Director: Vetrimaran

Cast: Danush, Taapsee Pannu, Kishore, VIS Jayapalan, Naren

After ‘Polladhavan’, which was different in style and concept, the director-actor duo of Vetrimaran and Dhanush has got together once again for ‘Aadukalam’. With a script set in the rooster-fight arena, the director has attempted to take the audience through a different experience.

While he has done that well in the first part, the successive part is devoid of anything that one witnessed before interval.

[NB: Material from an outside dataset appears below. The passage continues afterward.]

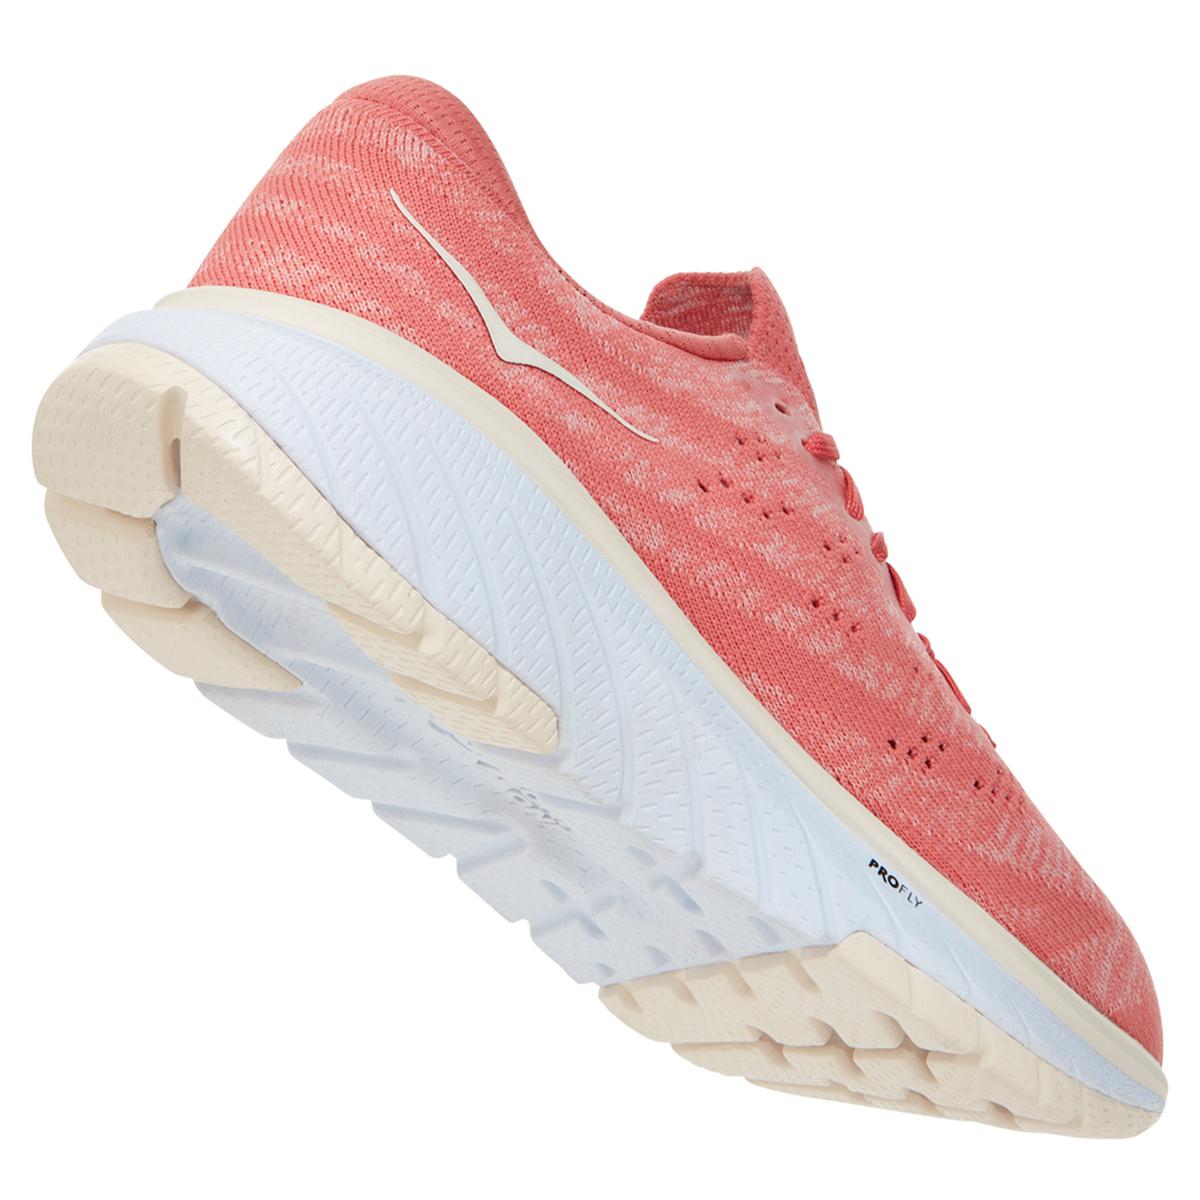 Women's Hoka One One Cavu 3 Running Shoe - Color: Lantana/Eggnog - Size: 5 - Width: Regular, Lantana/Eggnog, large, image 6

The film opens with a well researched narration of the rooster-fight tradition and shifts pace by portraying the feud running between Ratnasamy (Naren), a police officer and the aged Pettaikaran (Jayapalan).

Both vie for top honours in the roosters competition fights and Pettaikaran’s roosters, nurtured by his protégées Karuppu and Dorai (Dhanush and Kishore), have always been one up on his rival’s.

Ratnasamy uses dubious means to win the fights but in vain, as Karuppu wins the former, even defying the warnings of his mentor, Pettaikaran. The screenplay till here is meticulously etched. We get a detailed, realistic sketching of the characters and happenings, all set in a very authentic ambience.

Fitting in suitably is Dhanush, as the actor gets his nuances right. Weaved in is Karuppu’s attraction for Irene an Anglo Indian (debutant Taapsee cuts a pretty picture). Jayapalan, a Tamil poet, impresses the audience as Pettaikaran.

But the director seems to lose focus and grip on the narration after the interval, as the scenes lack conviction. His focus on the humans and their foibles here was less engaging than the rooster fights!

‘Aadukalam’ had a classy authentic first half. But the second half fails to match up to it.